The causative organism is a bacteria usually called today Cytophaga but previously was called Flexibacter and also Myxobacteria. The disease this family of bacteria causes is most often referred to as Columnaris, which describes the easily observed characteristic of the "piles" of haystack like organisms which congregate on an infected part of the fish.

Scientifically speaking there are several variants of this group of bacteria, but as they all manifest similar pathology, as well as respond for the most part to identical remedial or prophylactic techniques, it is not necessary for the reader to concern themselves with the minutiae of determinative technology, which is of course of interest to those engaged in scientific research. 

The disease is brought on in many cases by fish that have been badly handled, and often have been subjected to undue stress. Among predisposing factors often noted, is a sudden rise in temperature. And the disease most frequently appears, when water temperature is above 640F.

There are some interesting relationships between the quality of the water, and the virulence of the disease, and by being aware of these factors, it may be possible to use such information in some cases at least, as part of the recovery process.

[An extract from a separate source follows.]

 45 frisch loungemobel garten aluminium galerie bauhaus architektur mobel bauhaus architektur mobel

In waters with a total hardness of 33 ppm as CaCO3, (details of the breakdown chemically of this finding can be found in the quoted reference below ) the pathogen was found to be at its most virulent, while in distilled water with zero minerals it was determined to be non pathogenic. This would indicate some need for certain minerals in order for the bacteria to reproduce and further re-infect fish. However hobbyists should be aware, that no fish we aware of will survive for a long period of time in pure distilled water, so moving infected fish into a hospital tank filled with distilled water in not a practical option.

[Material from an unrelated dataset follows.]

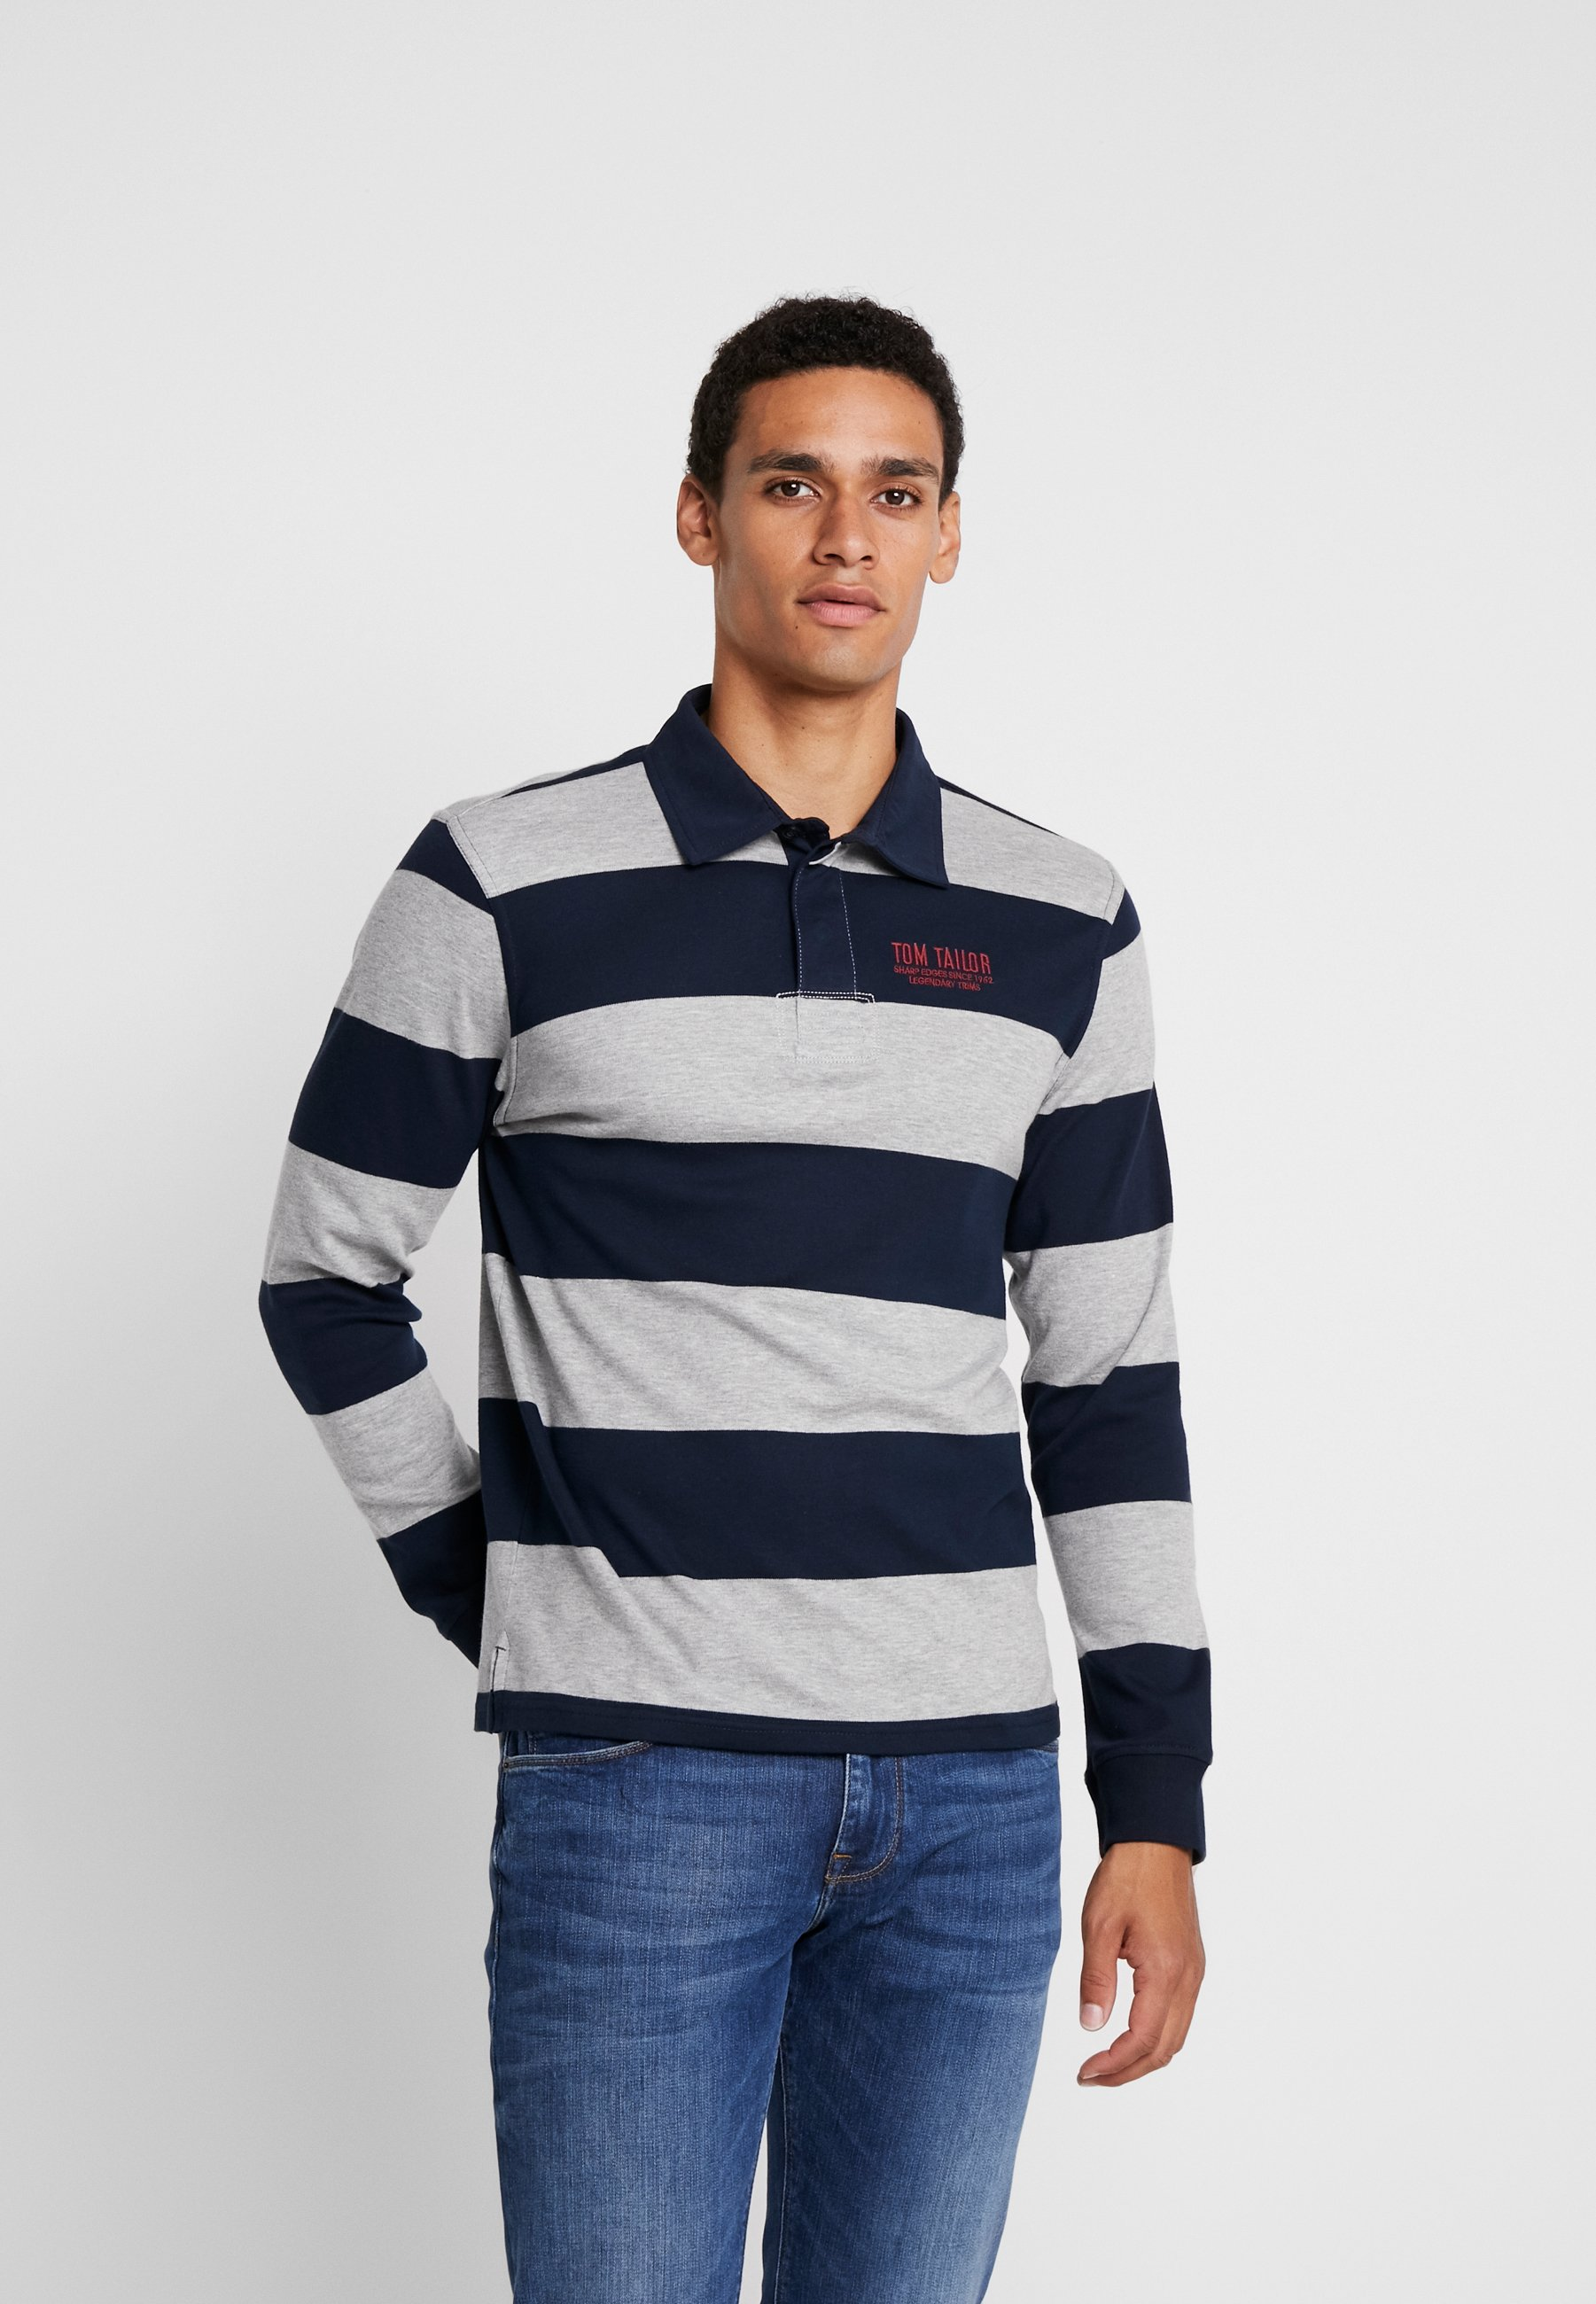 Tailor Grey Tom LongsleevePolo Tailor Striped Striped Tom LongsleevePolo OPn0w8k

When fish are infected with this pathogen, the following signs can be observed:

Skin. There will be necrotic lesions on the skin, which often are white/gray colored with an edging of red. These will quickly transform (in a day or two) into ulcers with have an orange/yellow color, caused by the bacteria decaying the underlying tissue.

Gills. Similar effects very typically occur on the gills, but may for the average hobbyist be somewhat harder to observe at least in the early stages. The progression of these ulcers, causes the fish to have great trouble with its respiration, and thus can quickly lead to fatalities. If the gills are examined, excessive amounts of mucous, are to be expected.

Behavior. The fish will become very listless and lethargic, often hanging at the surface, trying to breath there, although on occasion, the fish will rest on the bottom of the tank. Reluctance to feed is very typical and the fish will become anorexic. Respiration is often rapid, as the fish fights to overcome the damage done by the infection to its gills.

Body. In some cases, the lips of the fish, will become swollen and macerated, and a milky slime like film can be observed with the naked eye on parts of the body.

Fins. Large milky patches can be seen quite easily on the fins of the fish, and this is usually an indication that the disease has progressed to a degree that cure will become much more difficult. One typical sign is the appearance of a "saddle" shaped lesion usually around the area of the dorsal fin, and this occurs so often, that the name "saddle back disease" is often used in aquaculture to describe this infection.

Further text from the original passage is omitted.